'''

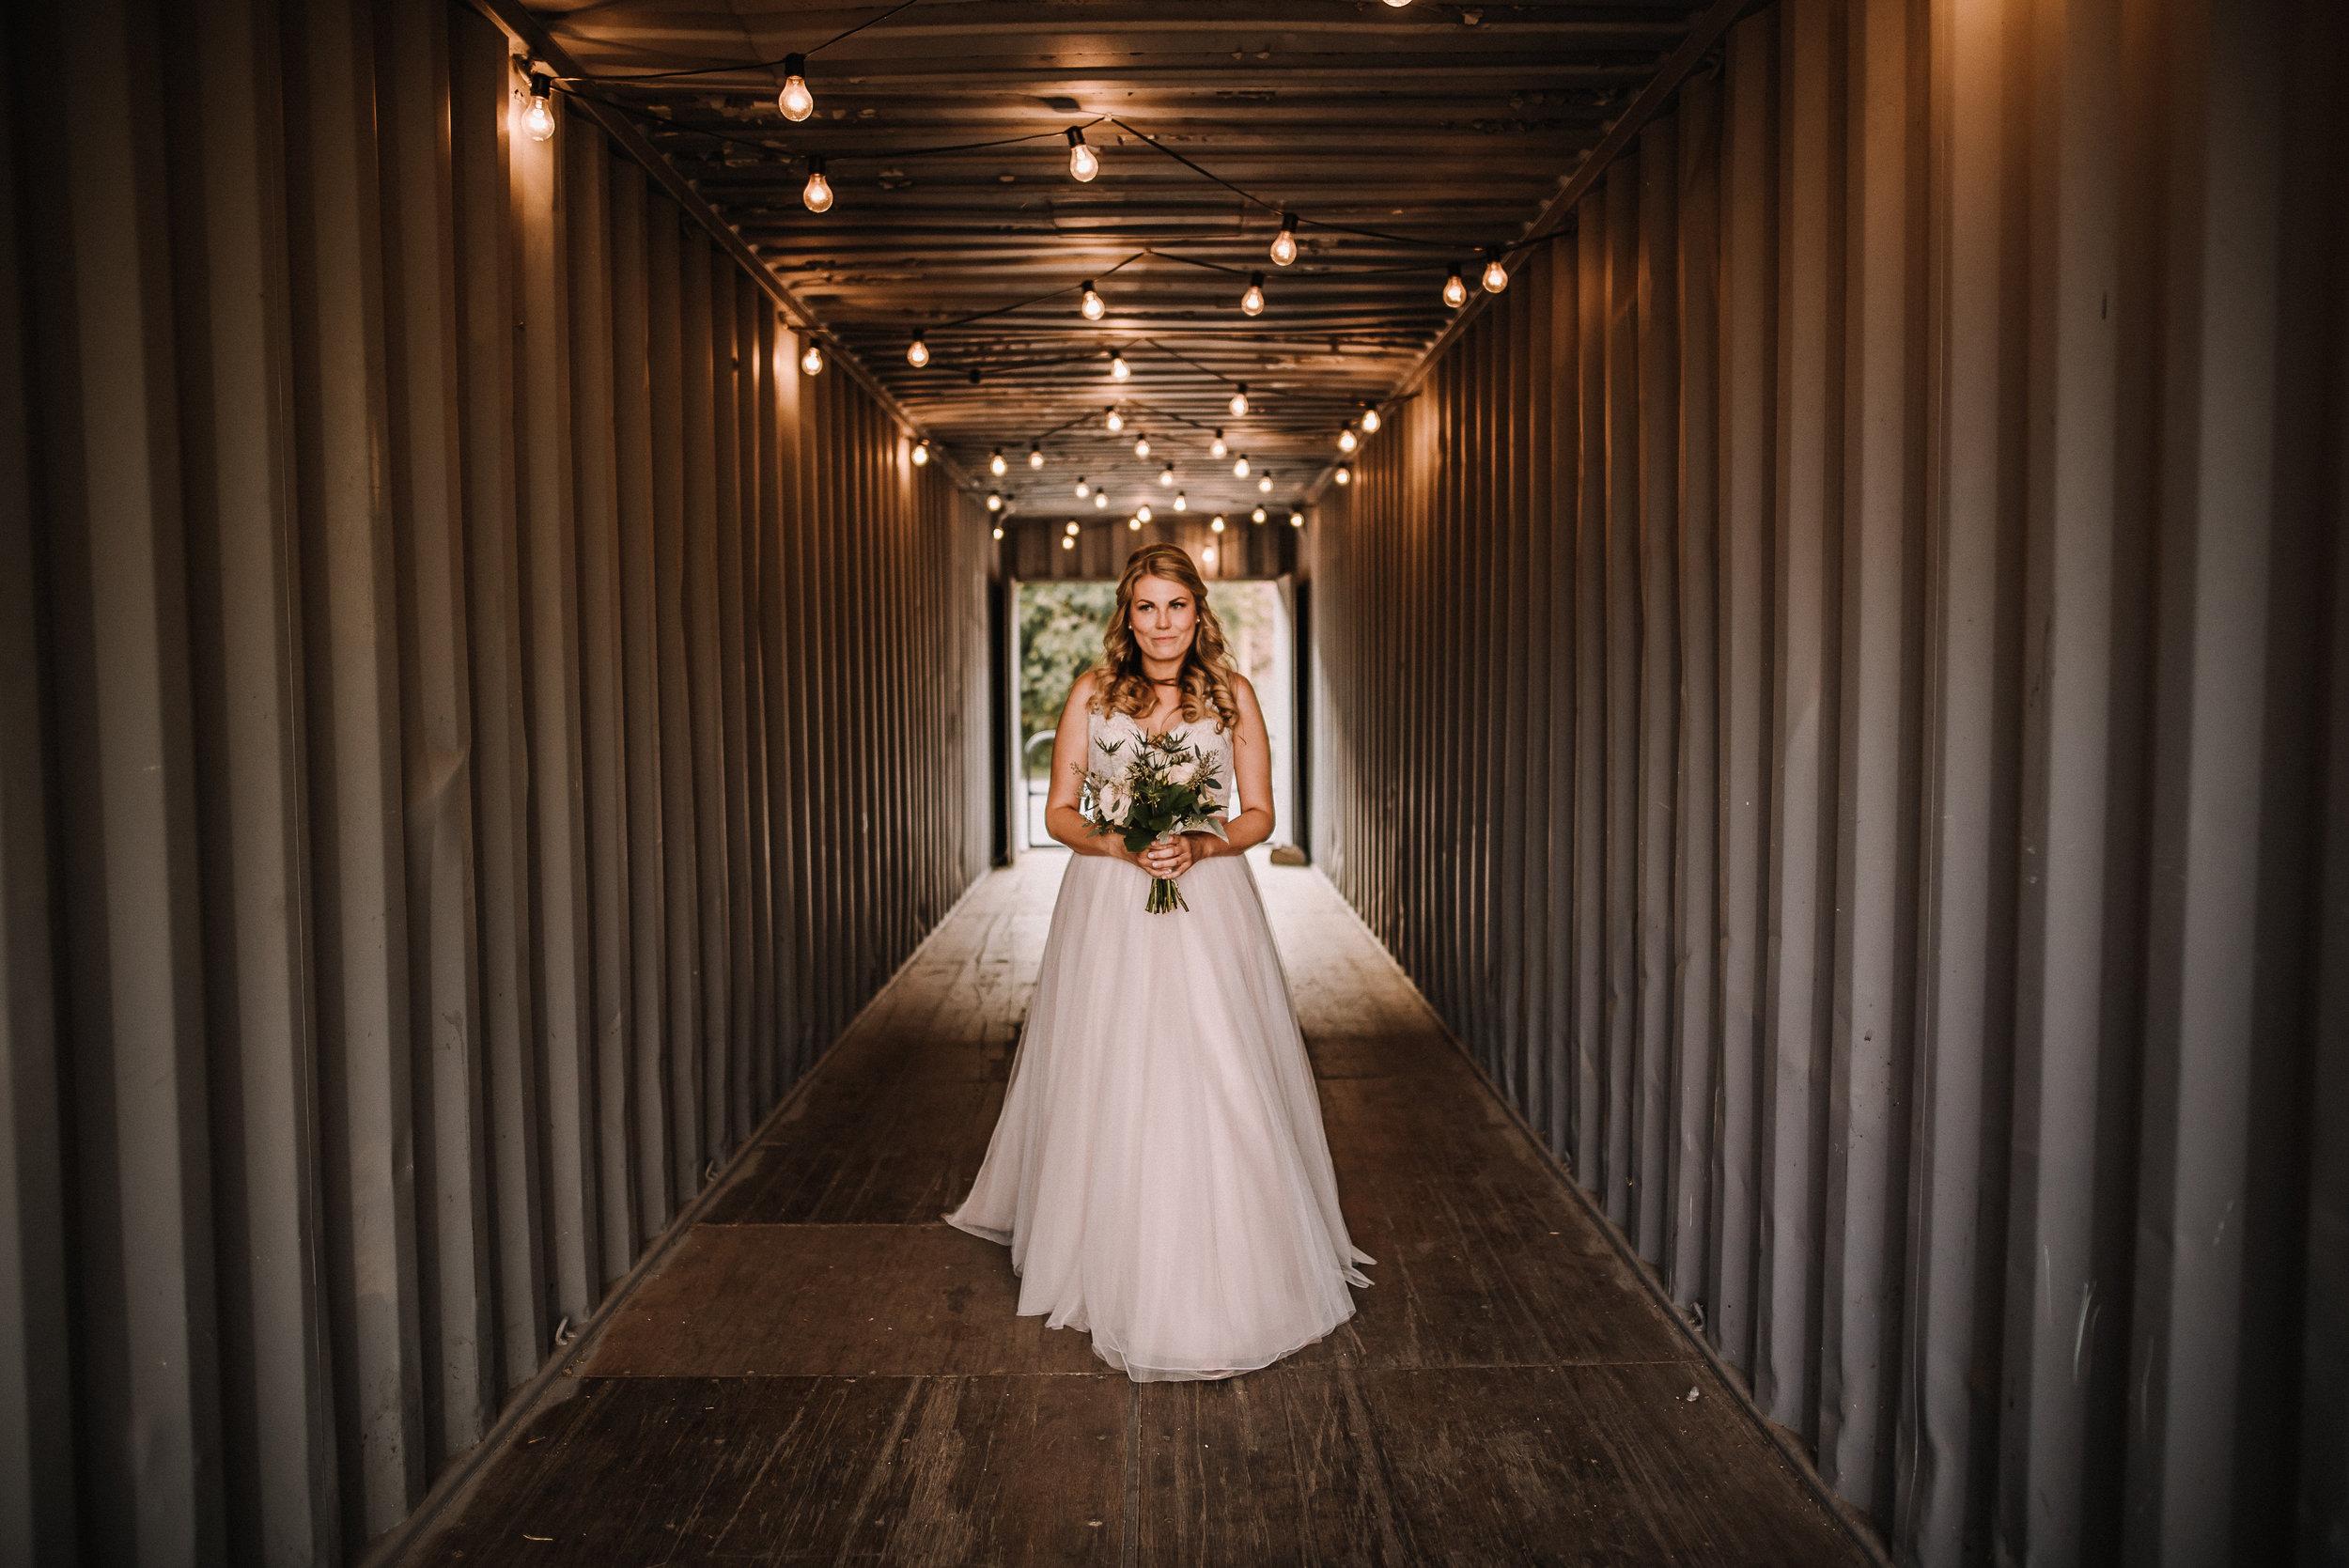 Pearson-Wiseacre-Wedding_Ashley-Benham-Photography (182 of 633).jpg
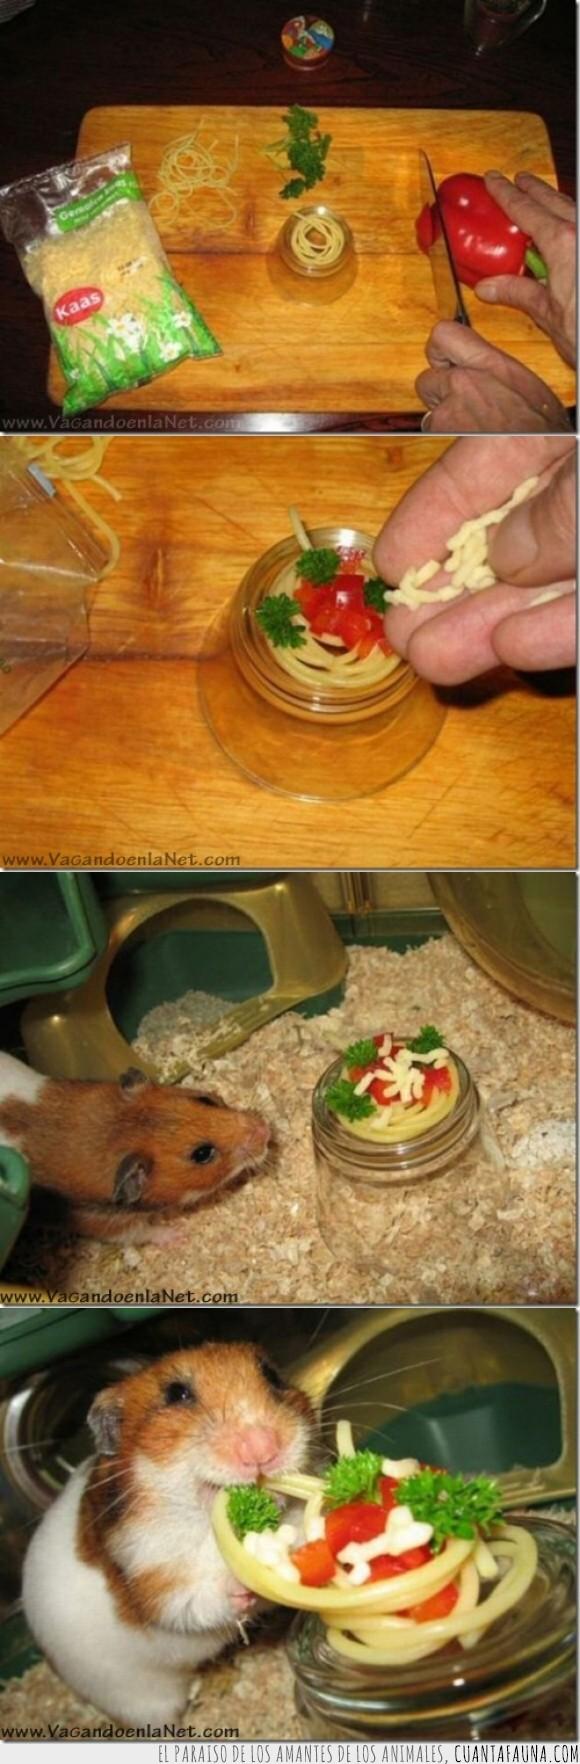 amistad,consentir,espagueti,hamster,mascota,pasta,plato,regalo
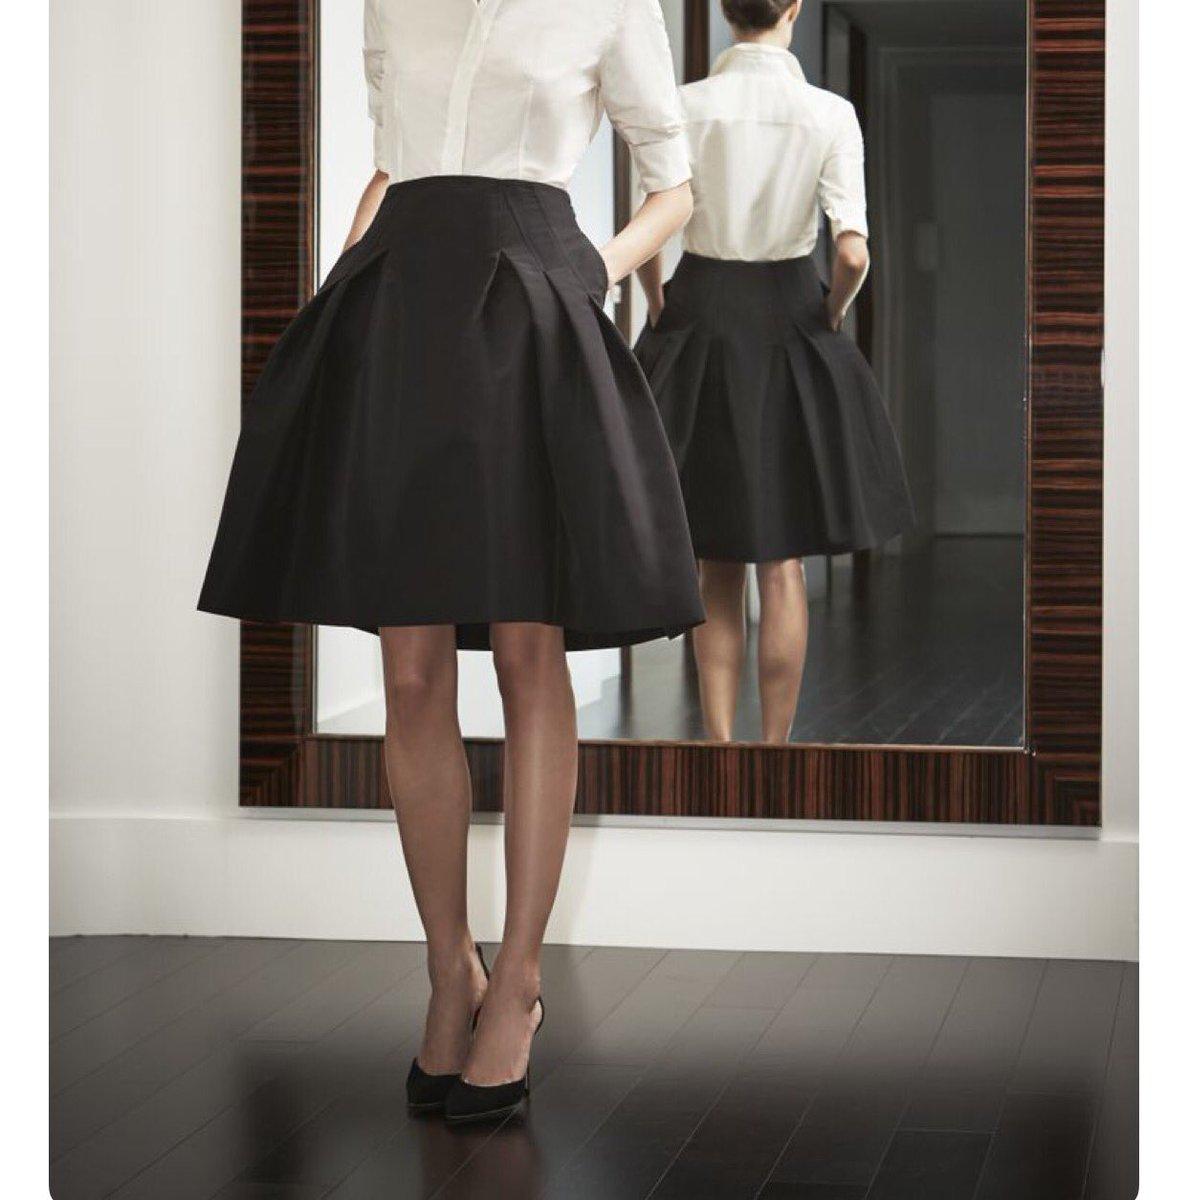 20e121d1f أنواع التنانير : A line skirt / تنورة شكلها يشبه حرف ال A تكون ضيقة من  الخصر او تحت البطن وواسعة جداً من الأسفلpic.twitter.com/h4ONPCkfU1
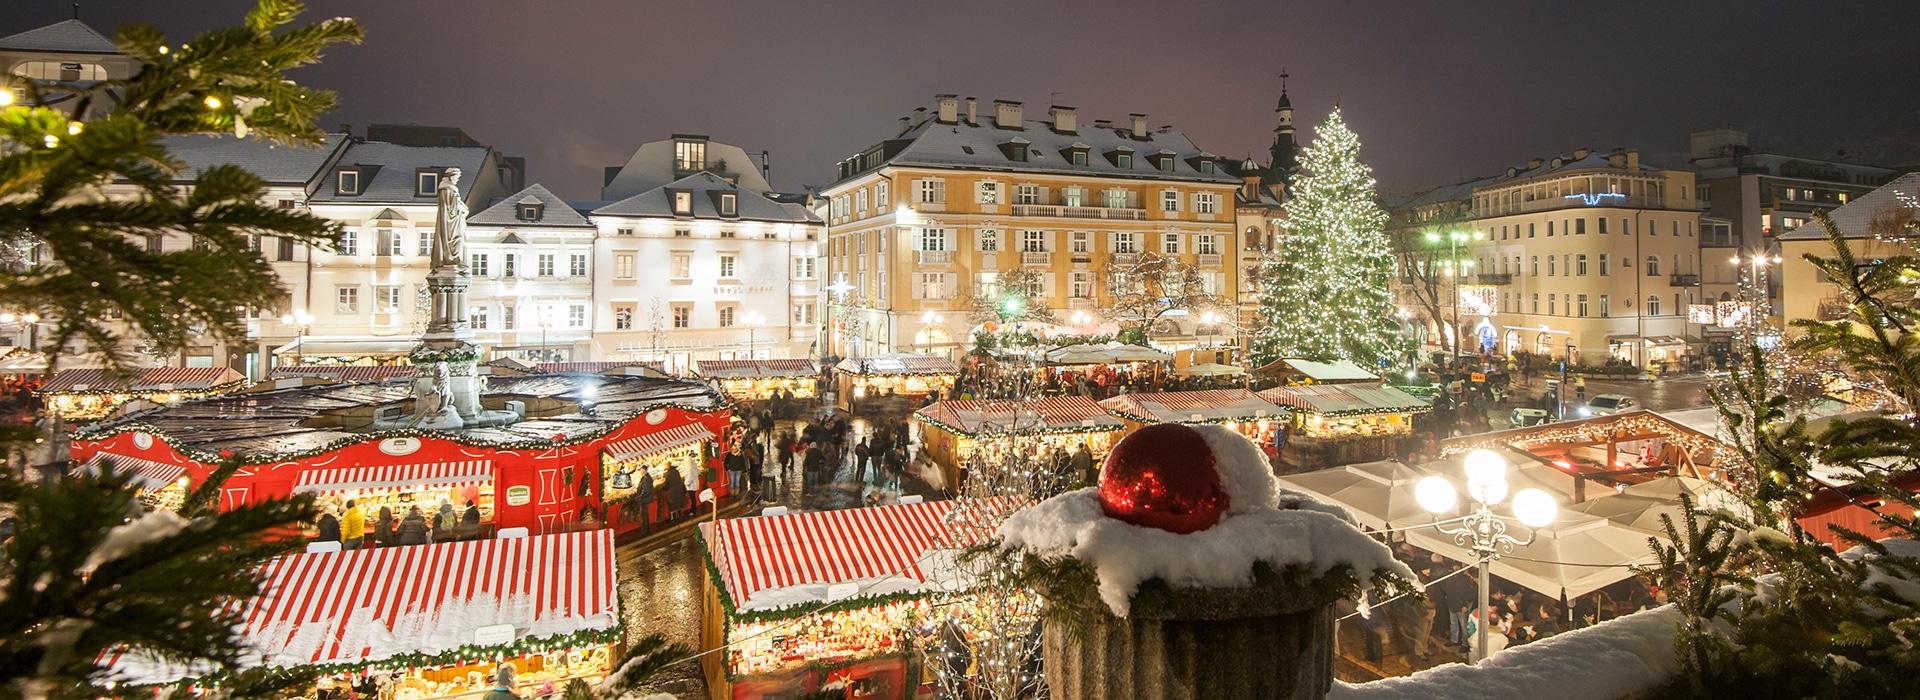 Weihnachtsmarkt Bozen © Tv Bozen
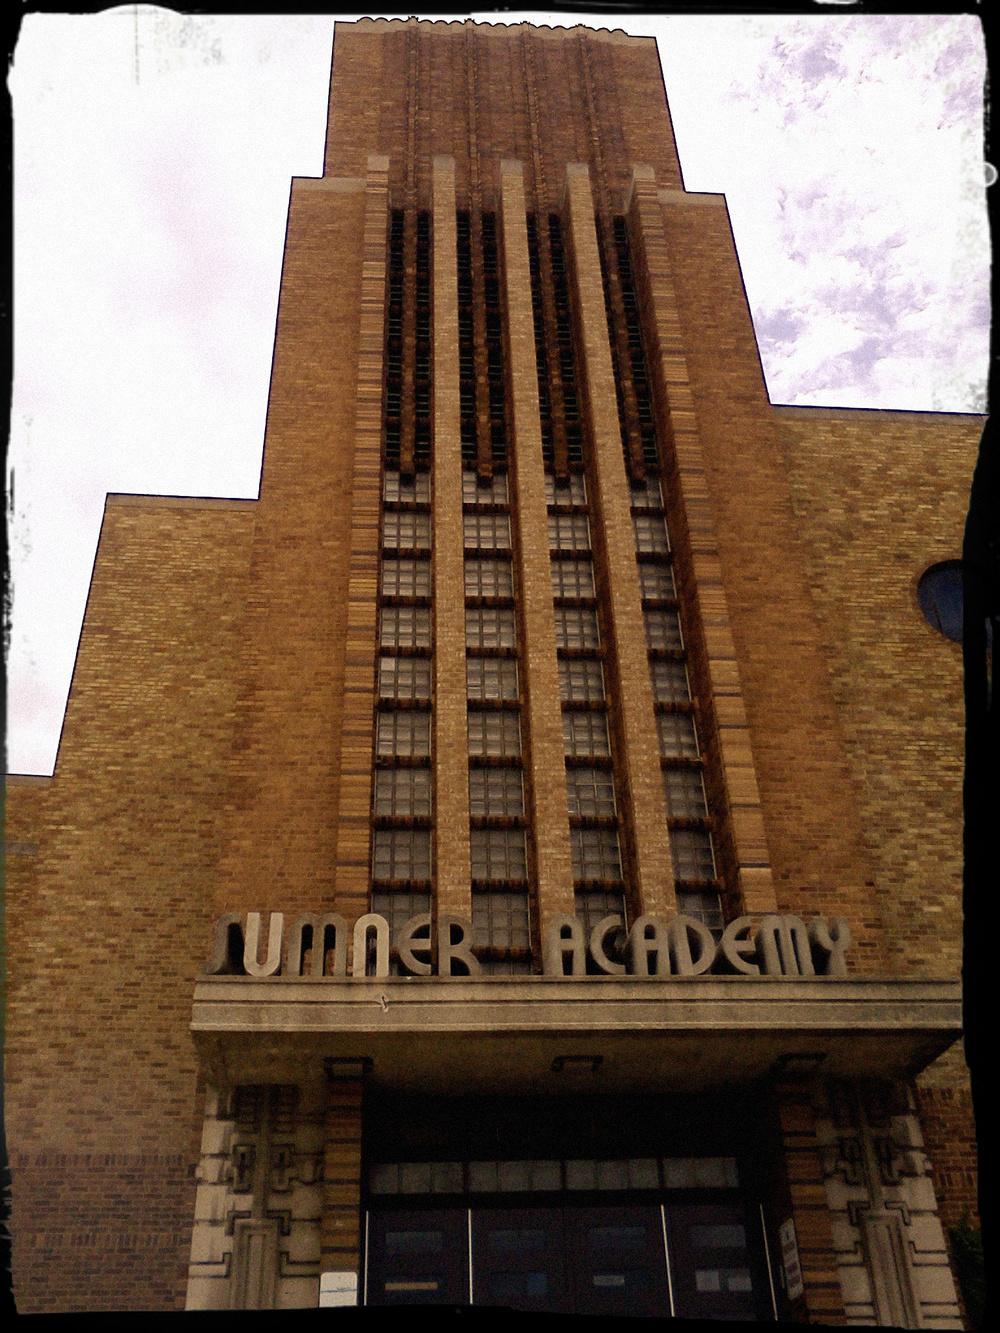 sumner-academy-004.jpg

'''

[WHAT YOU NEED TO DO] Copy nothing but the lines above from the one with "amistad,consentir,espagueti,hamster,mascota,pasta,plato,regalo" through the end of the material, word for word, and drop the pictures.

[ANSWER FOR THIS EXERCISE]
 amistad,consentir,espagueti,hamster,mascota,pasta,plato,regalo
 20e121d1f أنواع التنانير : A line skirt / تنورة شكلها يشبه حرف ال A تكون ضيقة من  الخصر او تحت البطن وواسعة جداً من الأسفلpic.twitter.com/h4ONPCkfU1
 Weihnachtsmarkt Bozen © Tv Bozen
 sumner-academy-004.jpg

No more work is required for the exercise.